Smaller businesses in the UK have become increasingly reluctant to export goods and services over the past decade, new research has found, prompting calls for greater support from both banks and government bodies.
A report published this month by the British Business Bank (BBB) says exports by SMEs accounted for just 32% of the UK’s overall exports in 2018, down from more than 50% in 2008 and 2009.
Produced in partnership with the government’s Departments of Business, Energy and Industrial Strategy (BEIS) and International Trade (DIT), as well as credit agency UK Export Finance (UKEF), the report quizzes over a thousand smaller firms on whether a lack of access to export finance is fuelling that decline.
However, it finds that most SMEs do not believe they lack access to export finance specifically. Instead they report difficulties in gaining financial support from banks more generally, and bemoan a lack of support in handling the risks that come with targeting new markets.
“The evidence shows that supporting SMEs to establish and grow is more important than providing them with better access to finance specifically to support their exports,” the report says. “SMEs are reluctant to take on additional external finance, even if it means accepting a slower growth rate.
“Yet growth is the key to exporting: exporting SMEs tend to have higher revenues and a longer history than non-exporters. Supporting SMEs to grow therefore appears to be the best way of growing SME exports.”
The report follows ambitious UK government plans to increase the share of national GDP that is derived from exports from 30% to 35%, as set out in 2018 by then-prime minister Theresa May.
To meet that target it says authorities “will need to pay special attention to the constraints faced by SMEs, which make up 99% of all registered businesses in the UK, 60% of employment, and 52% of turnover”.
Access to finance
The BBB, a government-owned business development bank, says its findings cast doubt on the “common assumption” that a lack of access to finance is the main constraint to exporting. In terms of taking on export financing in particular, the appetite among SMEs was found to be low.

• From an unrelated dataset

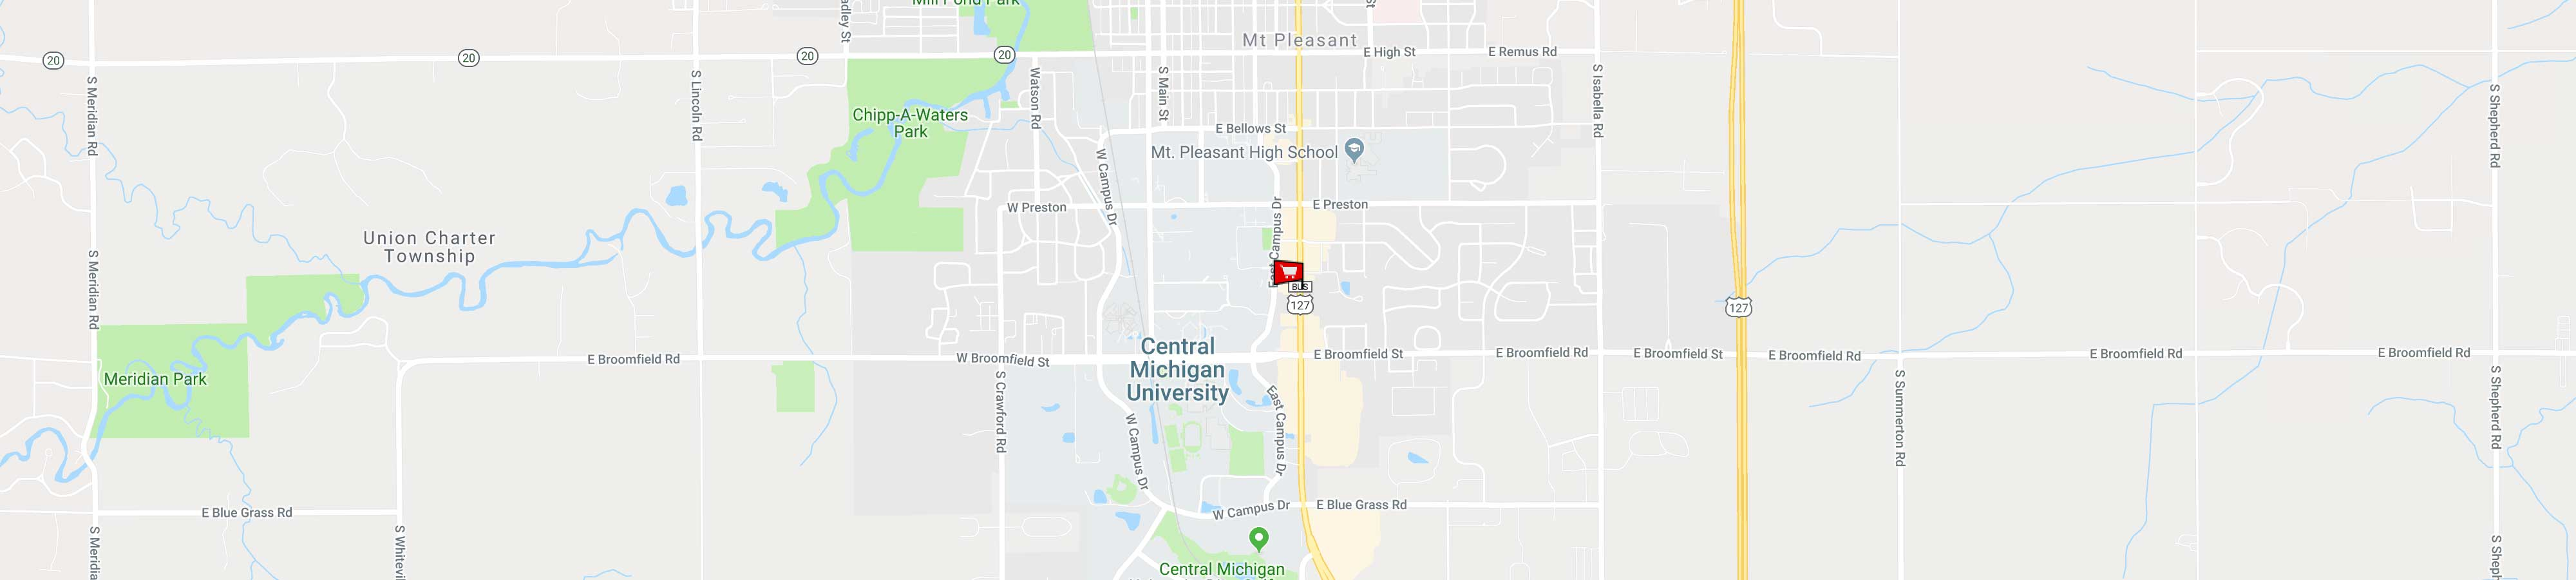 Mount Pleasant High School Campus Map - Software Help

Part of that is attributed to a lack of awareness. Fewer than half of survey respondents were aware of products designed to increase cash flow or mitigate foreign currency risks, while only 51% knew of services that mitigate the risk of non-payment. The proportion of firms actually using those services was below 5%.
More significant, though, is that 39% of SMEs say they have taken on external finance of some kind but just 8% did so in order to support exporting activities. Survey respondents say they typically borrow “to support general business activity and investment”, with few believing that exporting requires a different approach to financing.
A quarter of firms surveyed that already export products feel they “lack the time or the resources to sell domestically, let alone internationally”, and that figure rises to nearly half for businesses that plan to export but have not yet started to do so.
“These results imply that core financing, which supports SMEs to invest and grow their capacity, is the biggest requirement for businesses which plan to export,” the report says.
For many businesses, that core financing is in short supply. Smaller firms have long complained about the difficulty of obtaining funding from the traditional banking sector, generally on the grounds that lending to SMEs is considered relatively high-risk and low-reward.
“It’s been hard enough for small businesses to get hold of any finance internally, just to survive, let alone to think of doing something more extraordinary like exporting,” says Valeria Mizuno-Turner, co-founder and managing director of Northamptonshire-based Incredible Bakery Company.
“The high street banks don’t like small businesses,” she tells GTR. “It’s a very hard exercise to get any investment to come our way.”
Carl Hunter, CEO of Coltraco Ultrasonics, suggests part of that reluctance may have arisen from the cost of greater due diligence and the requirement for higher liquidity reserve requirements established since 2008’s global financial crisis.
Those changes may be “inhibiting the banks’ inclination to lend”, he says, adding: “Perhaps the banks are challenged to justify the average level of loan that’s at stake in regards to the return that they will make from SMEs.” As a result, initiatives from UKEF – described by Hunter as “an extraordinarily well-led agency by its exceptional leadership team” – are essential but cannot solve the entire problem.
“UKEF obviously cannot force a bank to make export finance available to its clients, and the banks don’t always want to do it to SMEs, perhaps because they consider the values are too small,” he says to GTR. “The fundamental vulnerability on export finance for SMEs is the ease by which they can access it. UKEF plays a vital leadership role but new products for export finance need to be created by lenders too.”